Sharise and her sister Sasha looked out to the vast ocean as they hugged their dresses tight around their knees. “Where are you taking us?” Sharise inquired the man rowing the boat, clattering her teeth. Their mother had woken them early this morning, telling them she was taking them on a trip.
“Do not question him.” Her mother snapped. Sharise shrank. They have been sitting in this shallow rowboat for the past hour and as far as anyone could tell, they were venturing further from land and approaching the freezing fog.

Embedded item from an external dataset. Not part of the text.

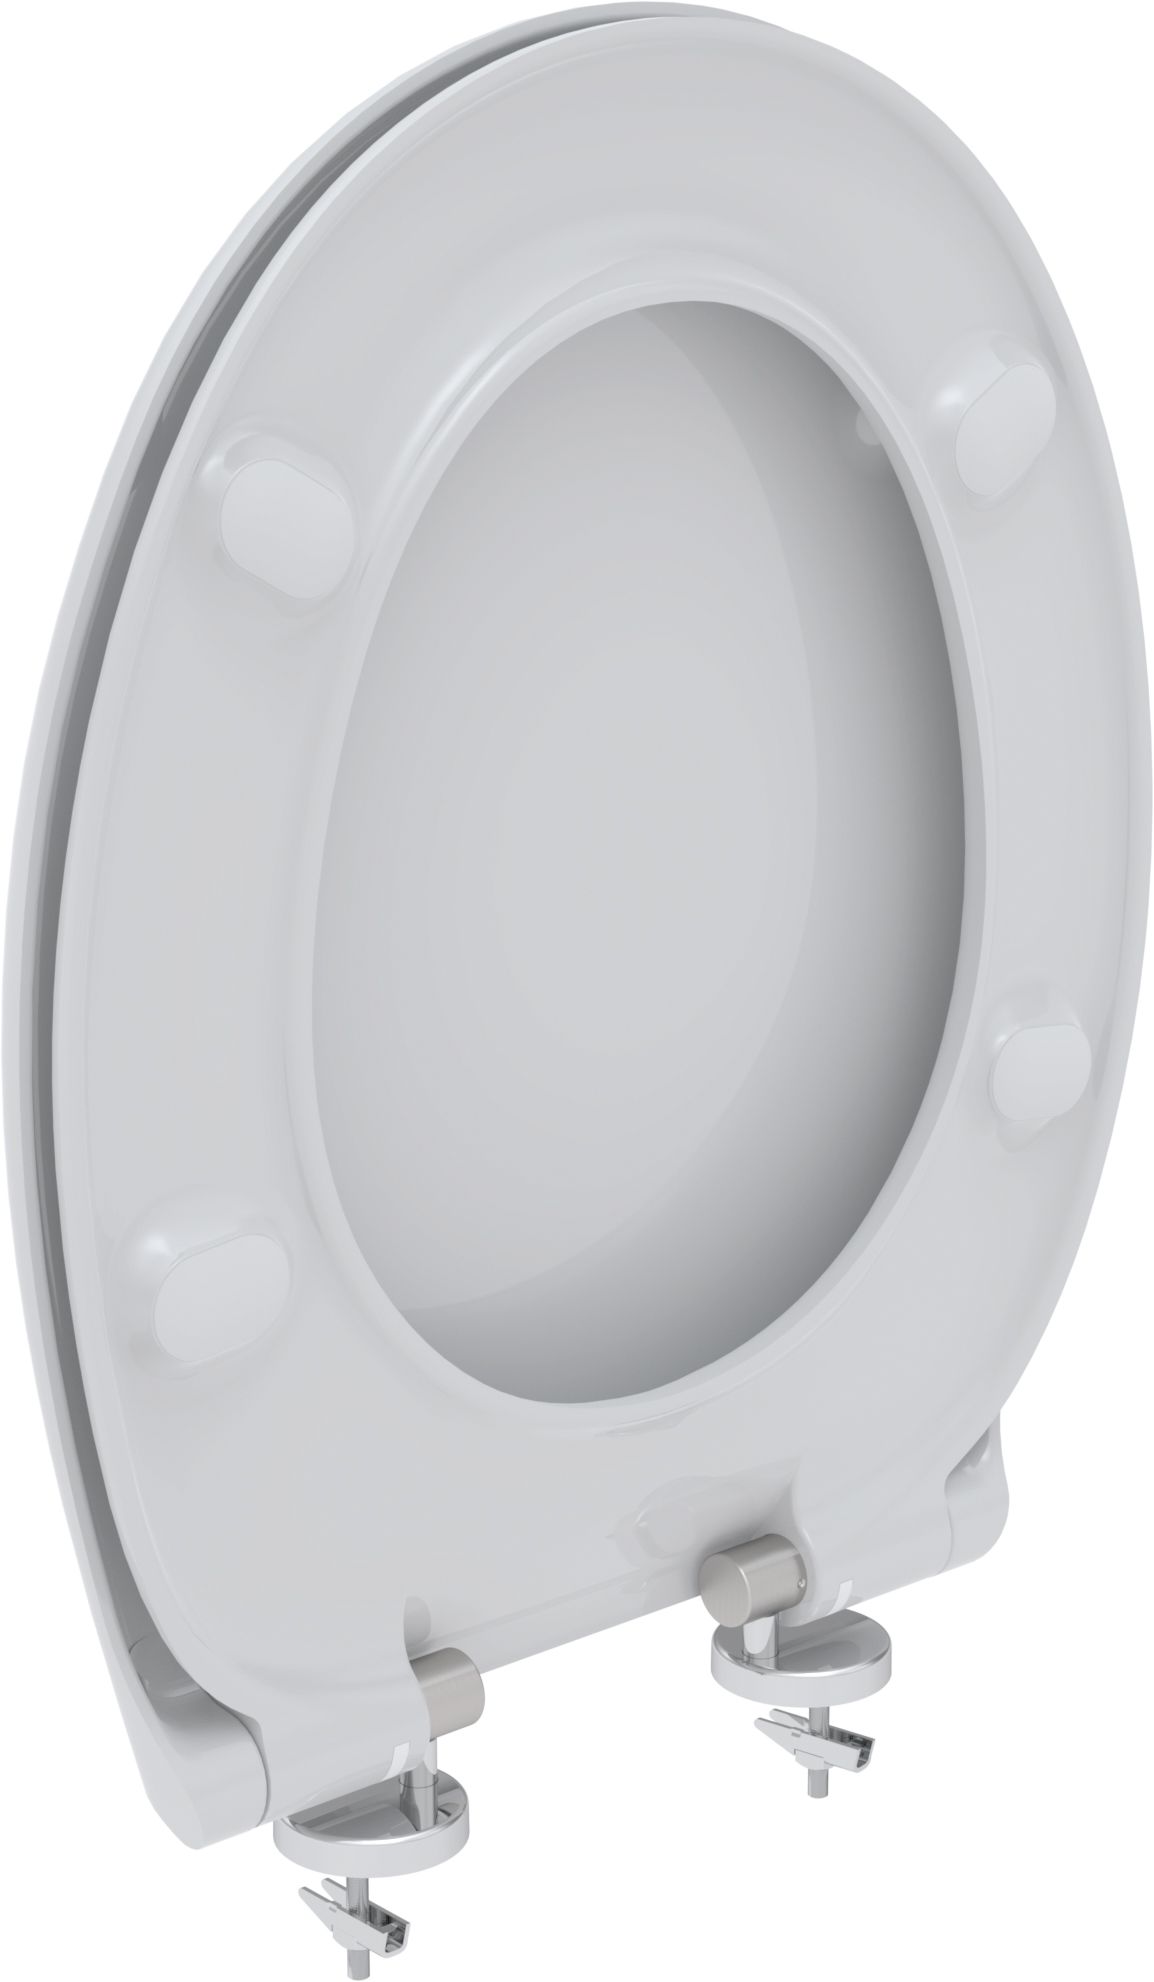 Toilet seat Libra, white, quick release

“Mother, can’t you see land is no longer in our sights?” Sasha pleaded as her mother shot her an icy glare.
Their mother stared straight ahead, her hands folded steadily at her lap as they journeyed. “This is far enough,” she muttered.
At her words, the man stopped rowing. Willingly, he let the oar slipped between his hands into the water. “What are you doing?” Sharise asked. The man said nothing as he stood and fell into the water. The moment he fell into the water, he struggled as if he was coming out of some kind of trance but it wasn’t for long before he was dragged down into the water by something mysterious. “Mother, what is going on?” Sharise frantically pleaded her mother for an explanation.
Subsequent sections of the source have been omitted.